Records from a data source

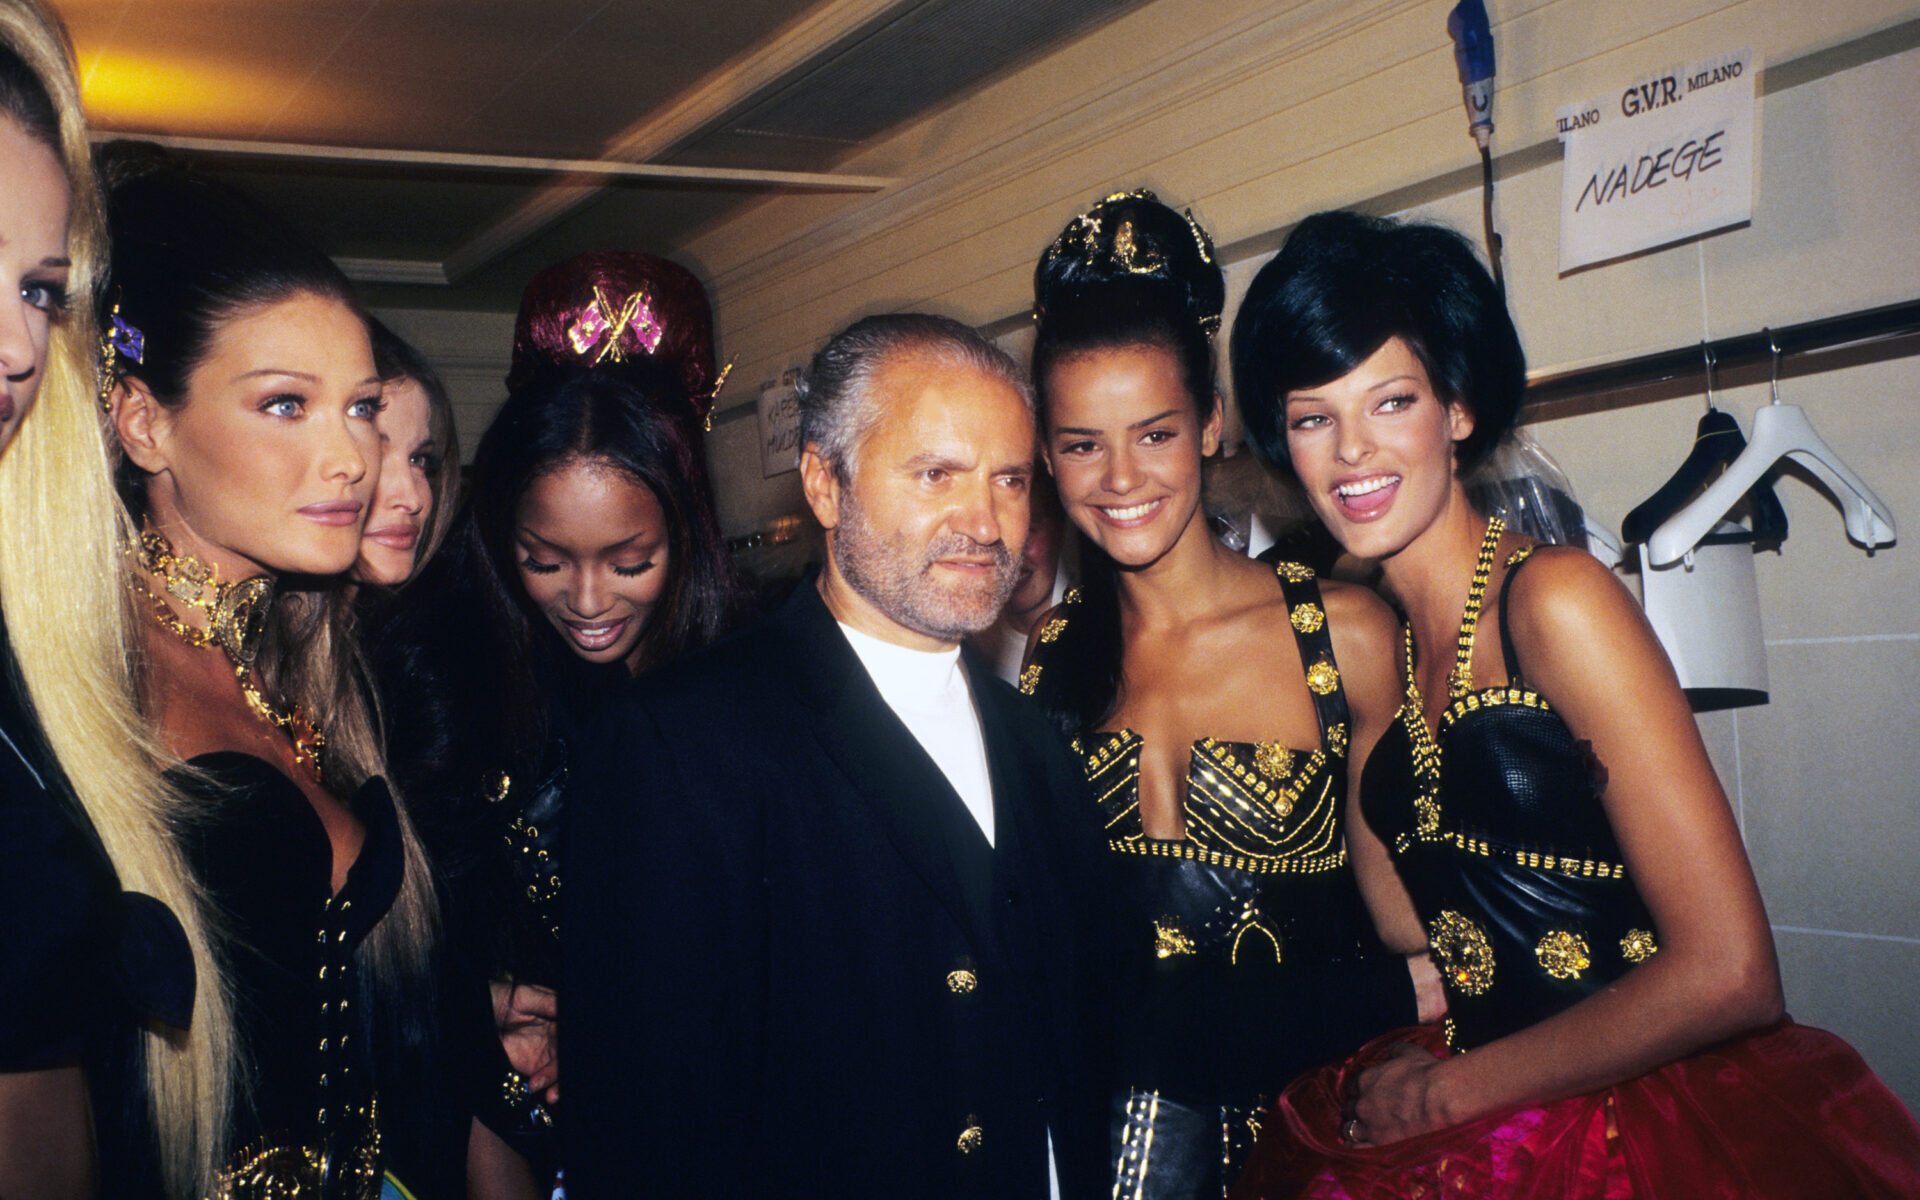 PARIS, FRANCE - JULY 01 : Carla Bruni, Naomi Campbell, Gianni Versace, Nadege and Linda Evangelista attend the Versace High Fashion Show at the Ritz Hotel on July 1,1992 in Paris, France. ( Photo by Foc Kan/Wireimage )
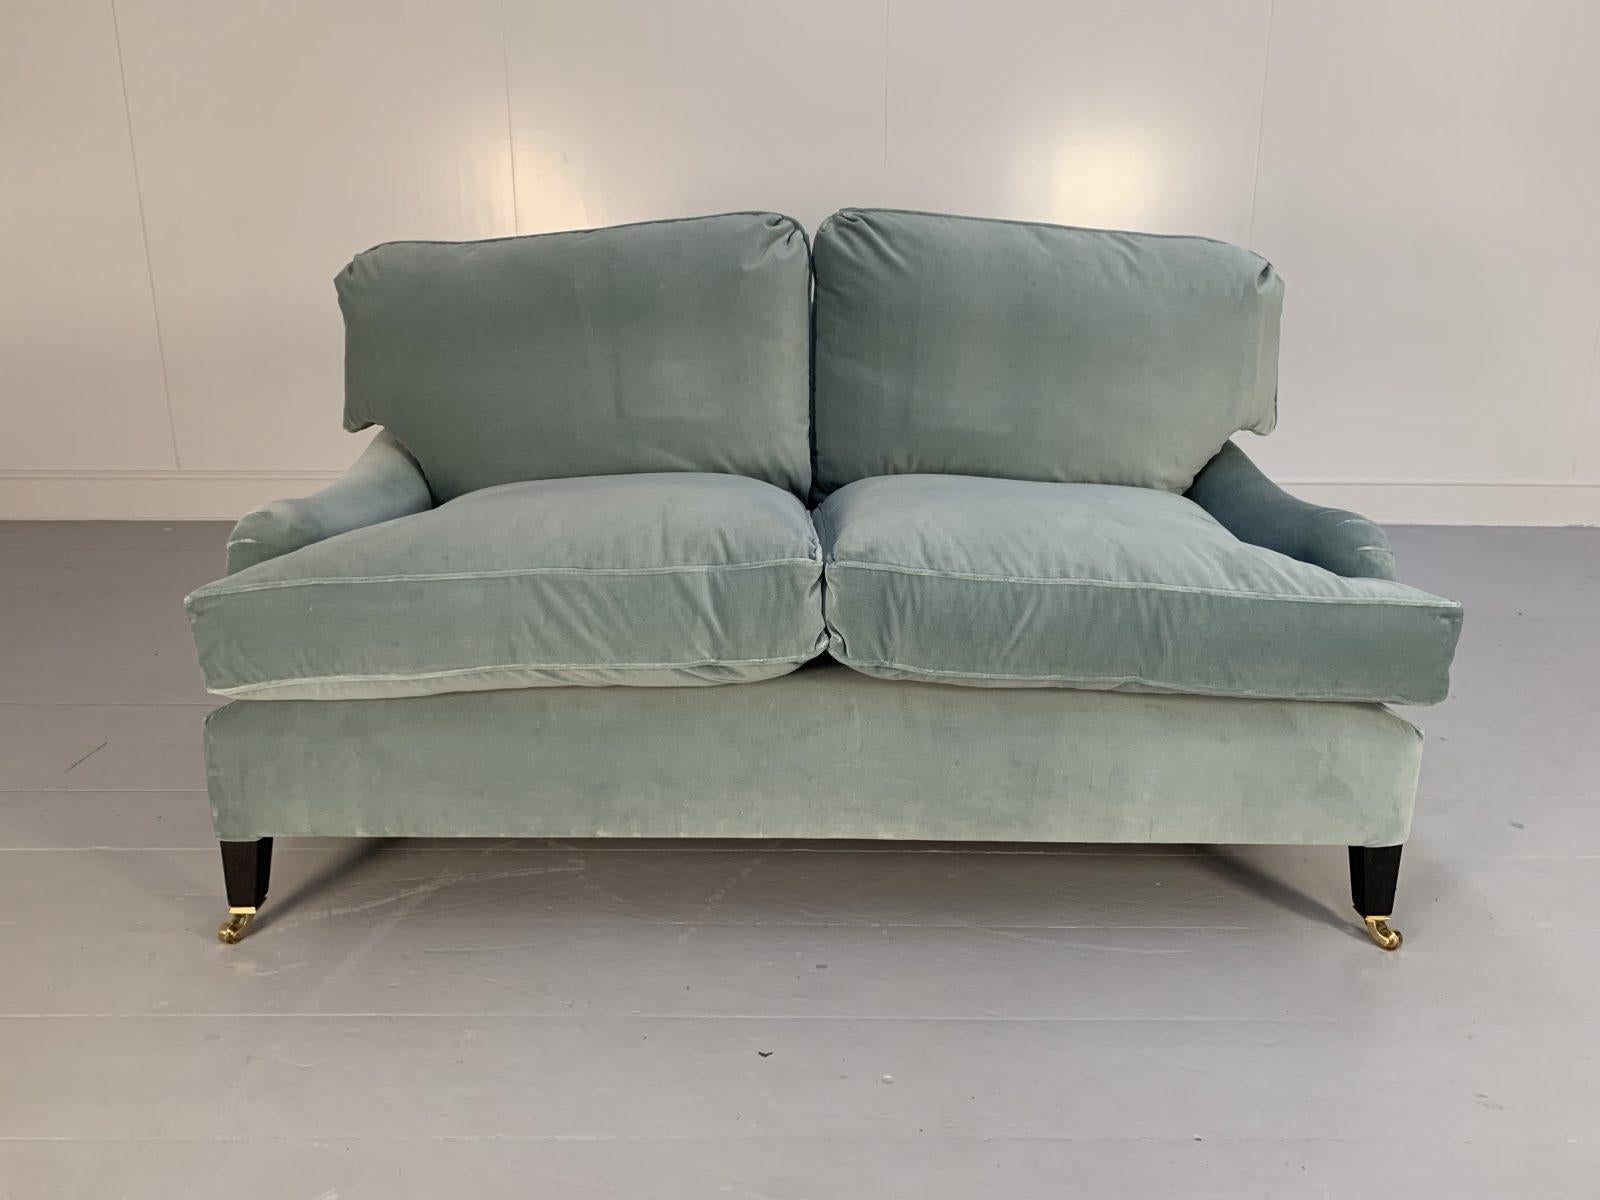 Hello Friends, and welcome to another unmissable offering from Lord Browns Furniture, the UK’s premier resource for fine Sofas and Chairs.

On offer on this occasion is, quite possibly, the only sofa you might ever need to buy.

This is an
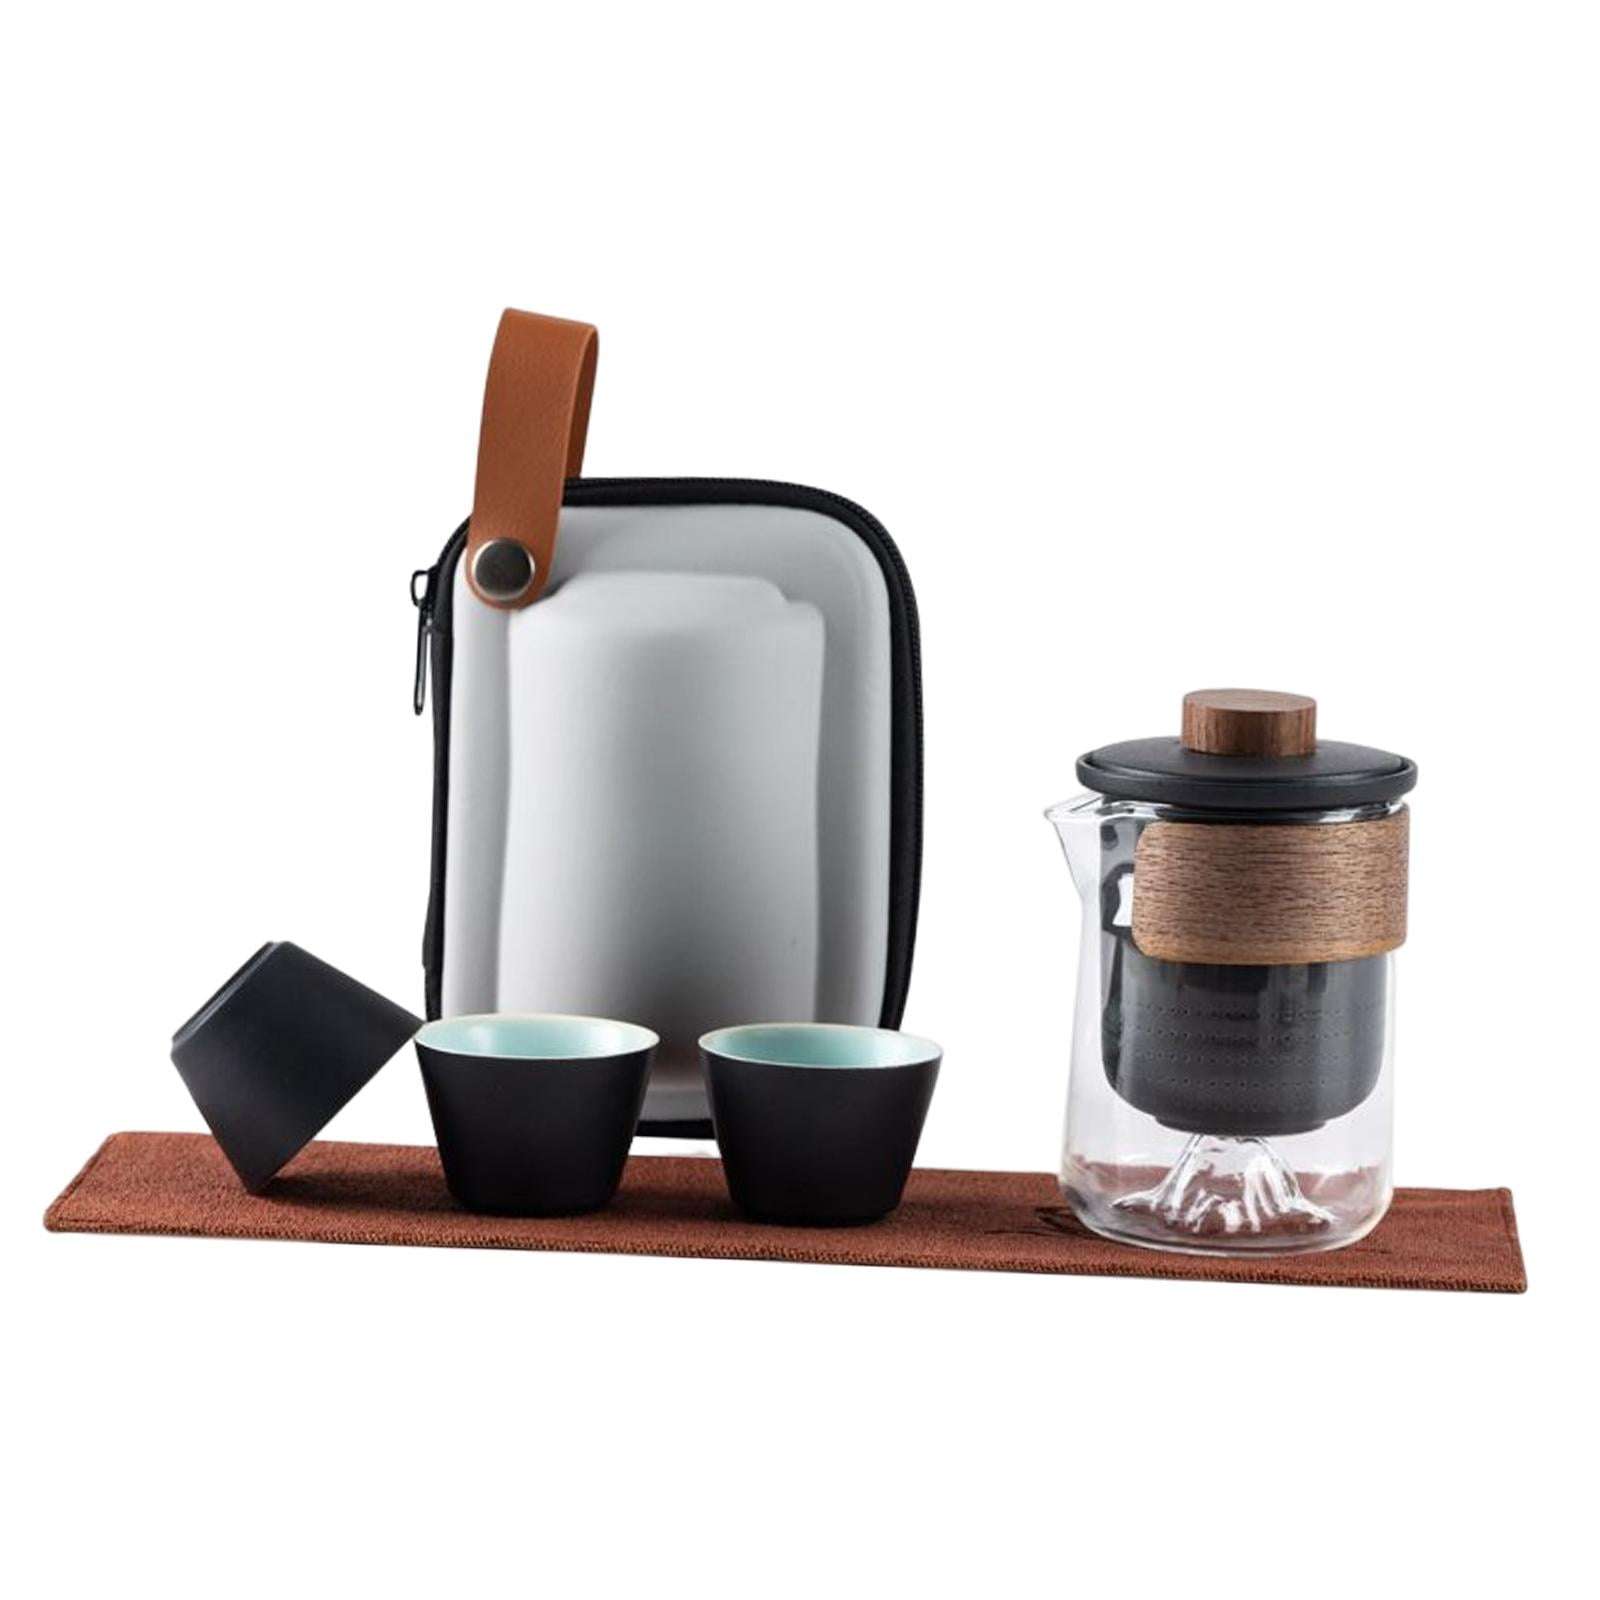 Travel Tea Set,Portable TeaSet,Chinese Tea Set,Ceramic Mini Gongfu Teapot  with 3 Teacupsfor Travel Home Outdoor and Office.(Black)

_REQUIRED ACTION:_
Word for word, repeat all the data, but not its images.

_WRITTEN SOLUTION:_
 PARIS, FRANCE - JULY 01 : Carla Bruni, Naomi Campbell, Gianni Versace, Nadege and Linda Evangelista attend the Versace High Fashion Show at the Ritz Hotel on July 1,1992 in Paris, France. ( Photo by Foc Kan/Wireimage )
 Hello Friends, and welcome to another unmissable offering from Lord Browns Furniture, the UK’s premier resource for fine Sofas and Chairs.

On offer on this occasion is, quite possibly, the only sofa you might ever need to buy.

This is an
 Travel Tea Set,Portable TeaSet,Chinese Tea Set,Ceramic Mini Gongfu Teapot  with 3 Teacupsfor Travel Home Outdoor and Office.(Black)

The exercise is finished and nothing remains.